* Problem requirements: Without copying any picture, return all lines below exactly.

* Given data:

== == ==

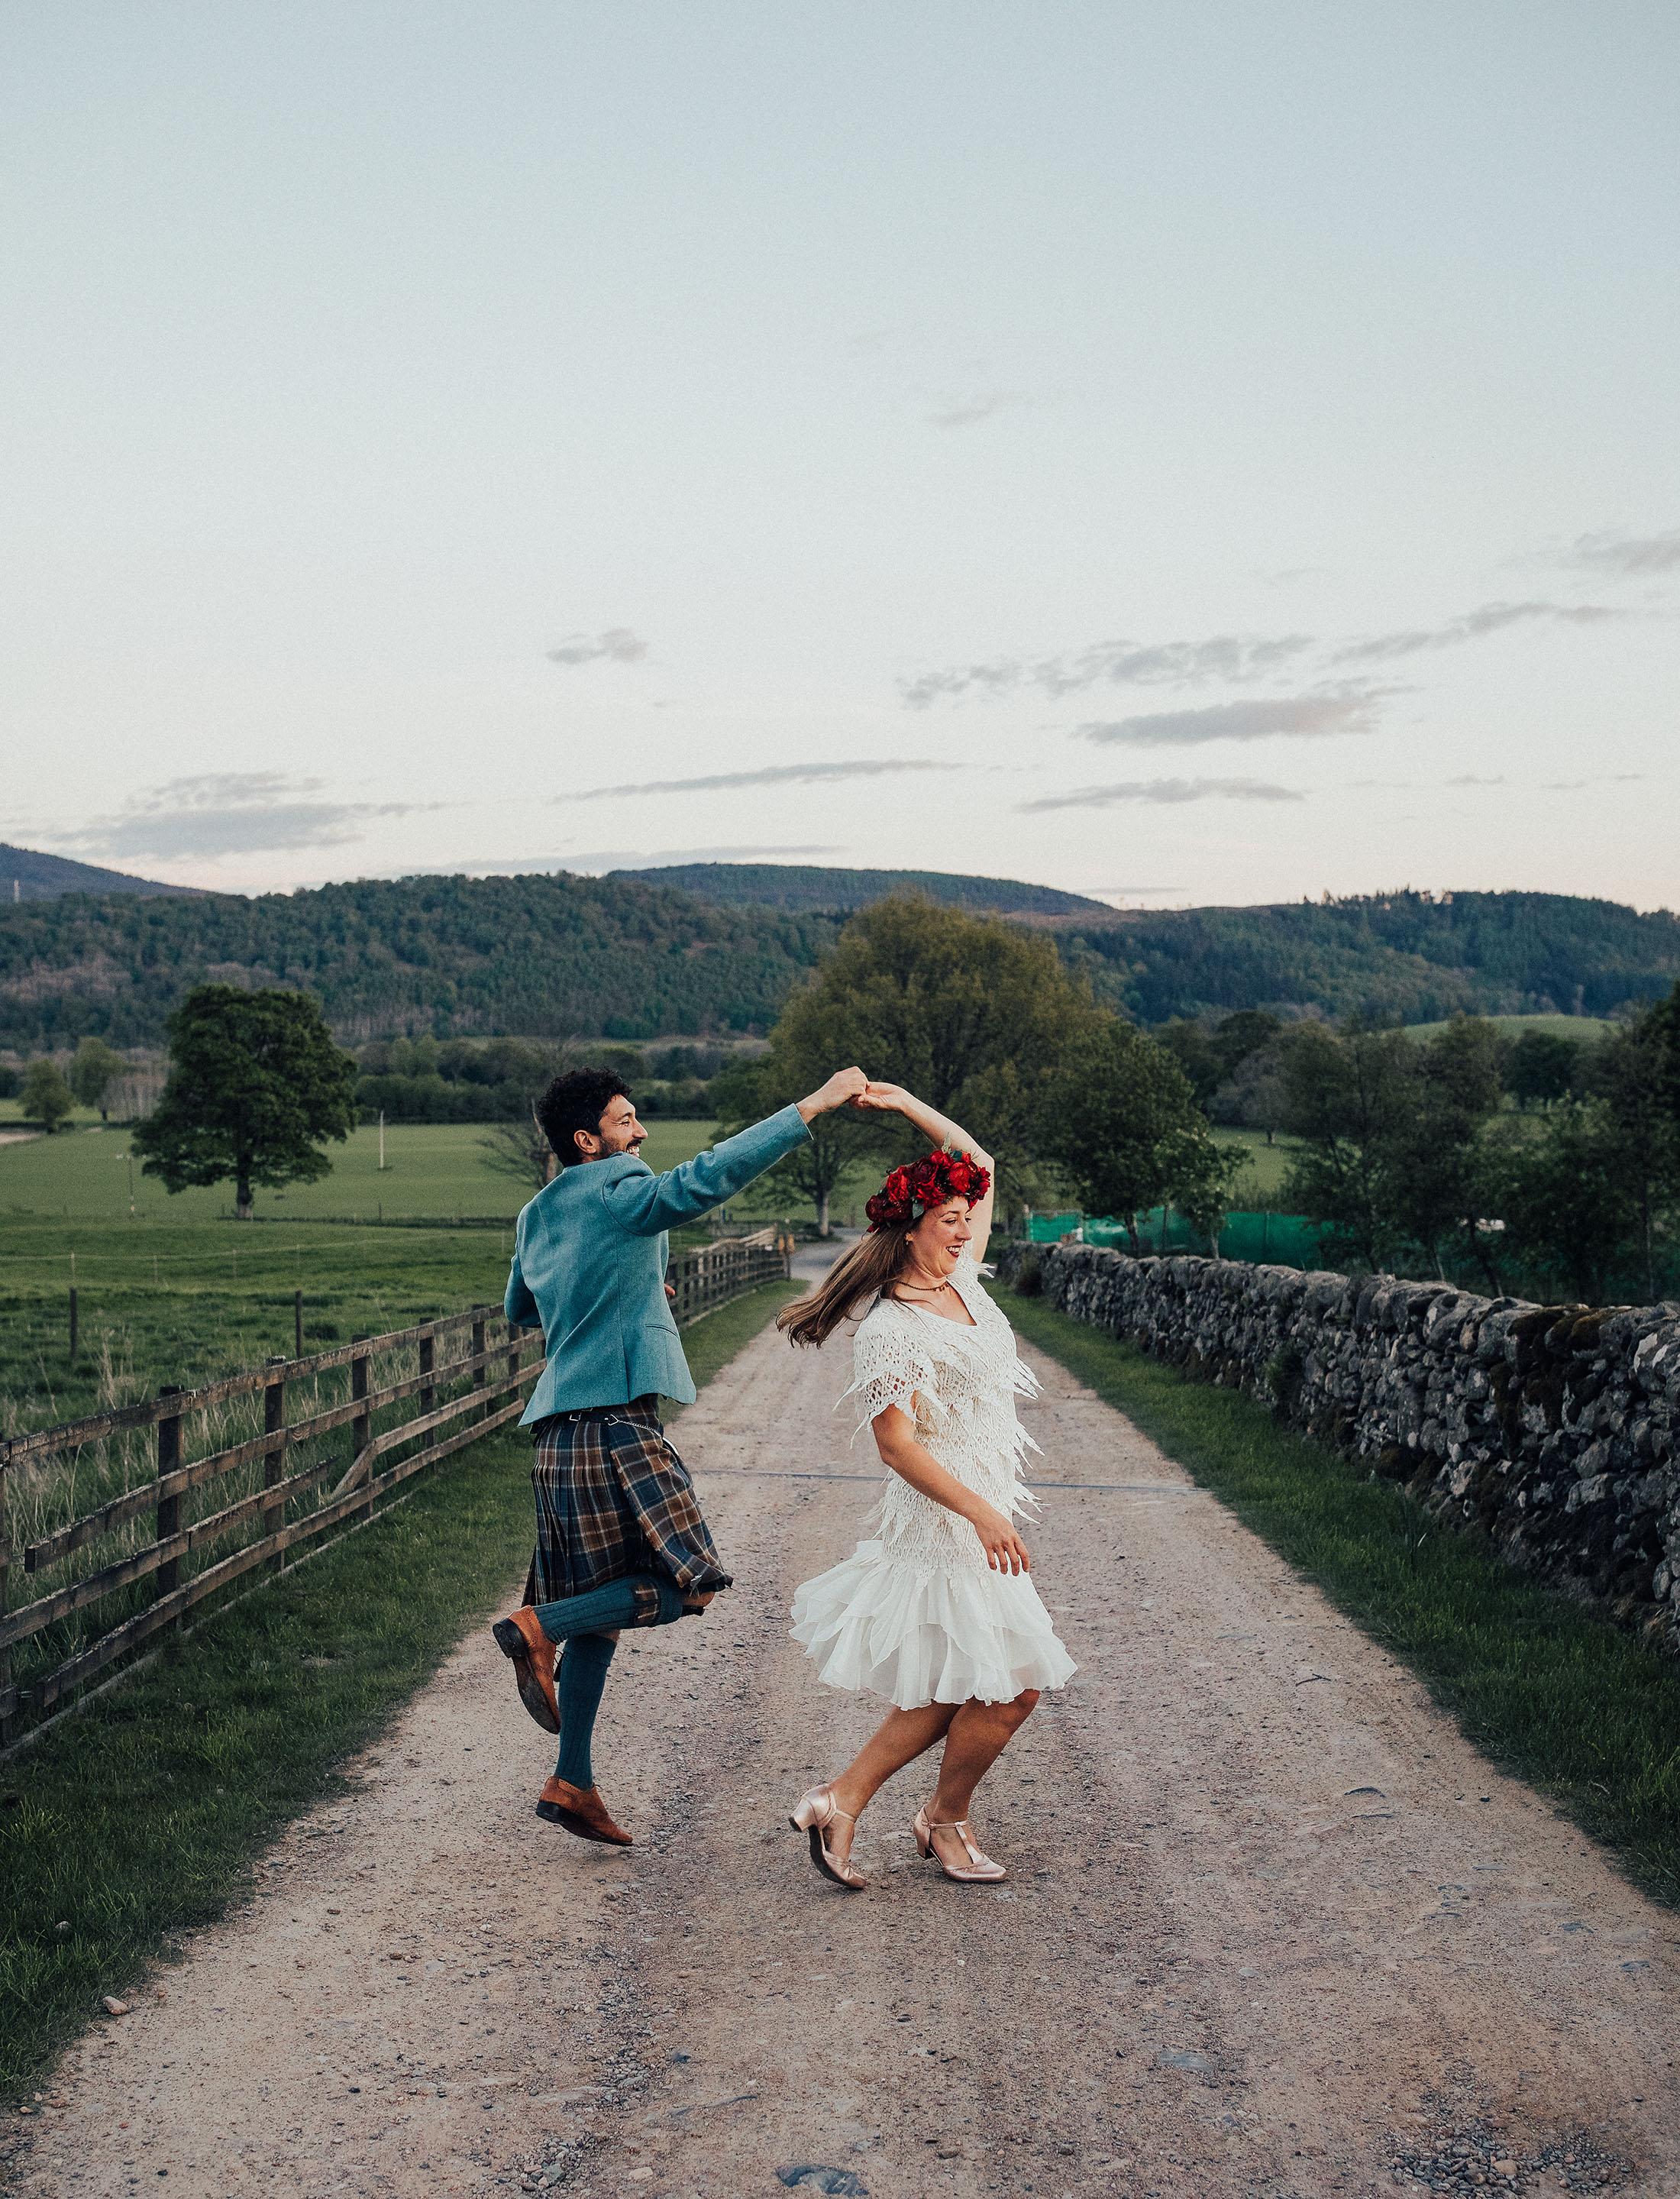 COMRIE_CROFT_WEDDINGS_PJ_PHILLIPS_PHOTOGRAPHY_192.jpg
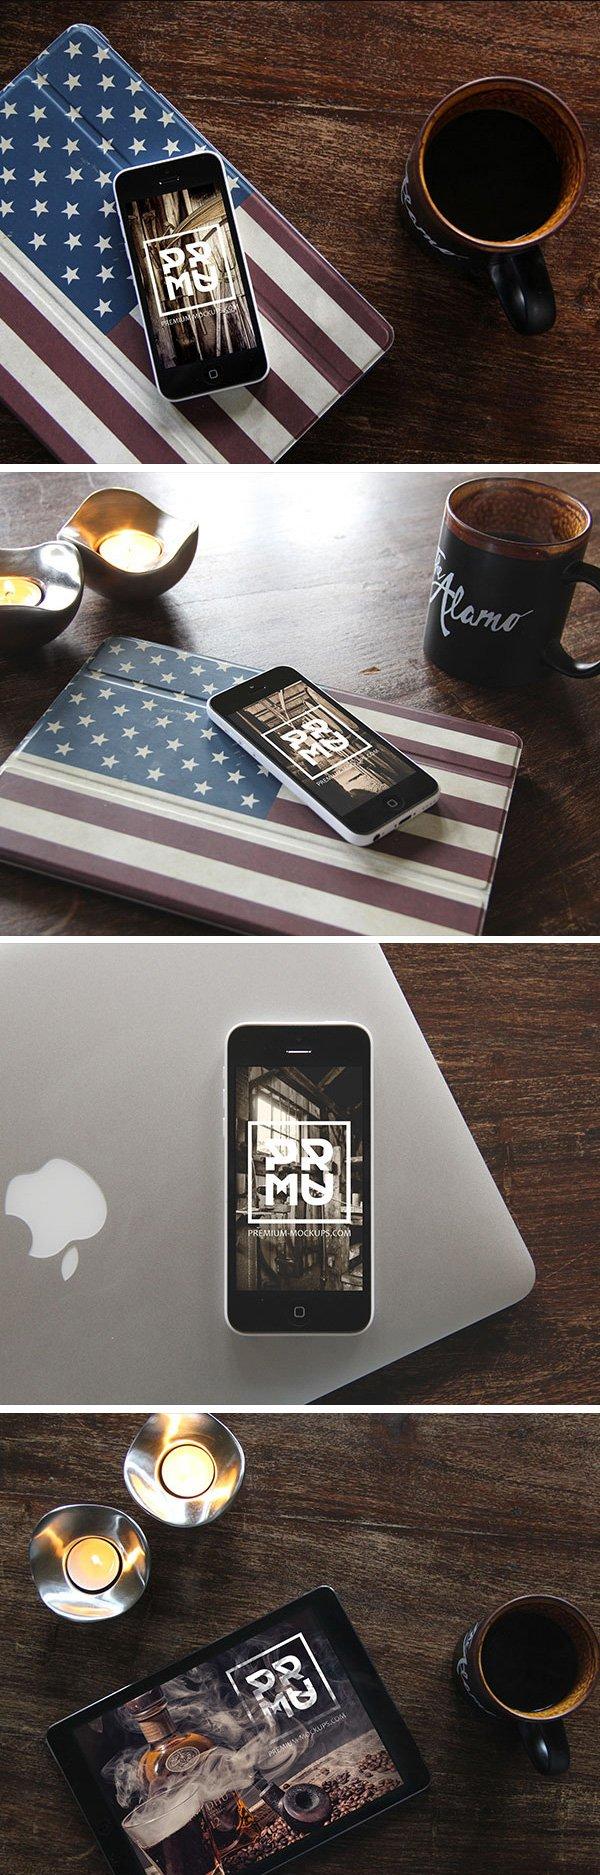 iPhone + iPad Photo MockUp (.Psd) скачать бесплатно
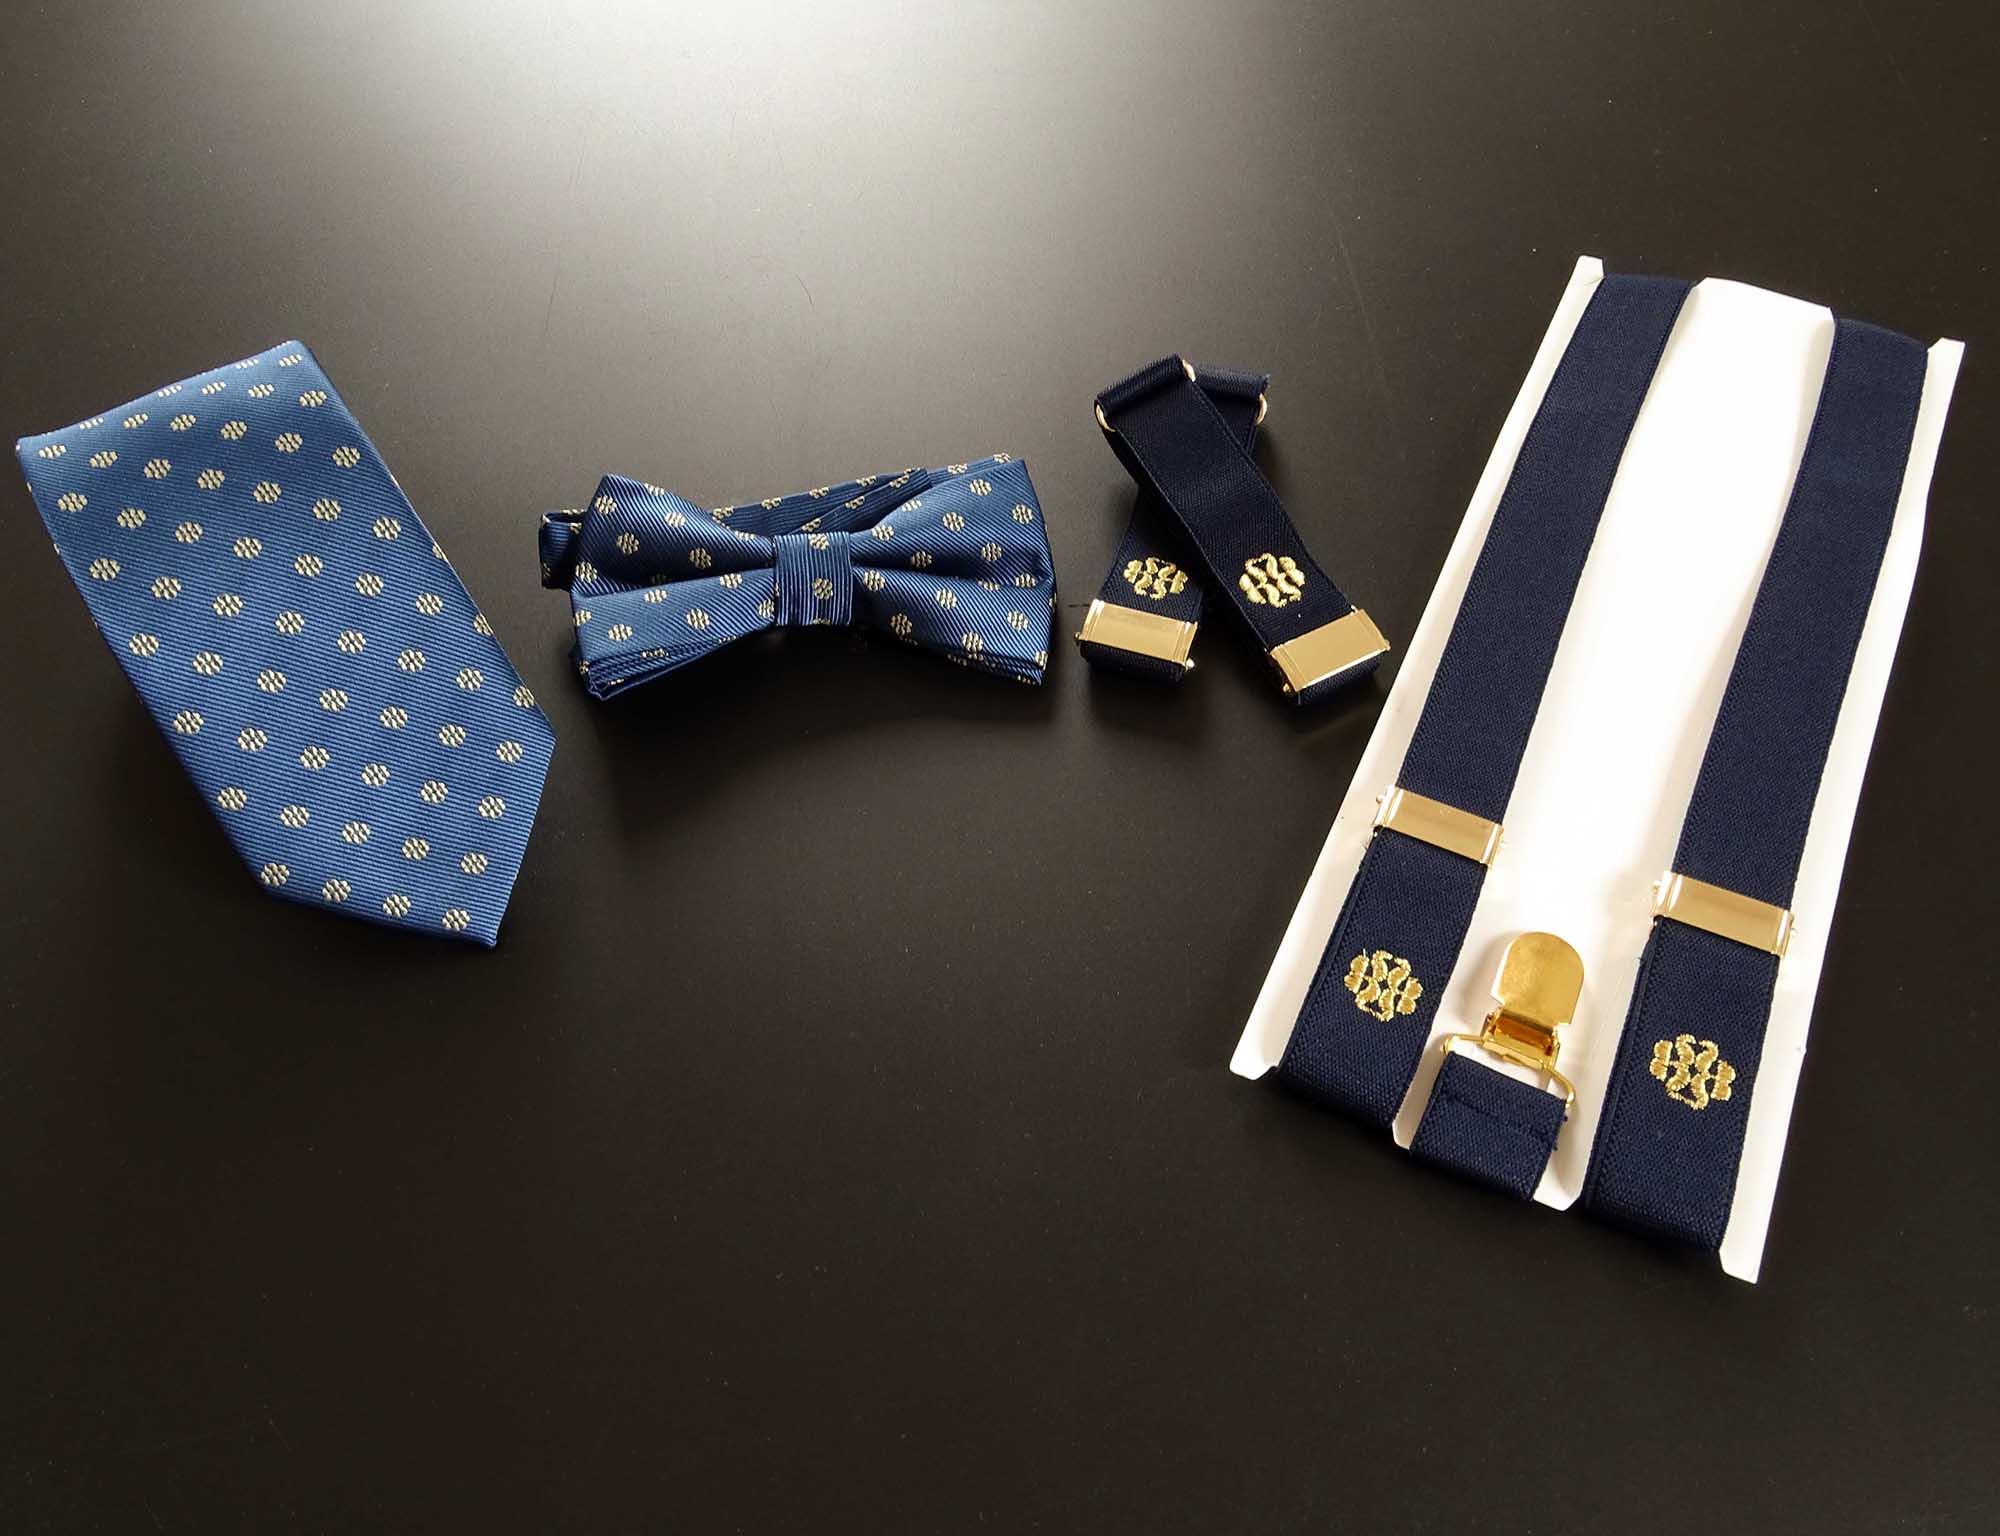 Royal Bliss, Fliege, Krawatte, Hemdenhalter und Hosenträger nach Maß

== == ==

* Task output:
 COMRIE_CROFT_WEDDINGS_PJ_PHILLIPS_PHOTOGRAPHY_192.jpg
 iPhone + iPad Photo MockUp (.Psd) скачать бесплатно
 Royal Bliss, Fliege, Krawatte, Hemdenhalter und Hosenträger nach Maß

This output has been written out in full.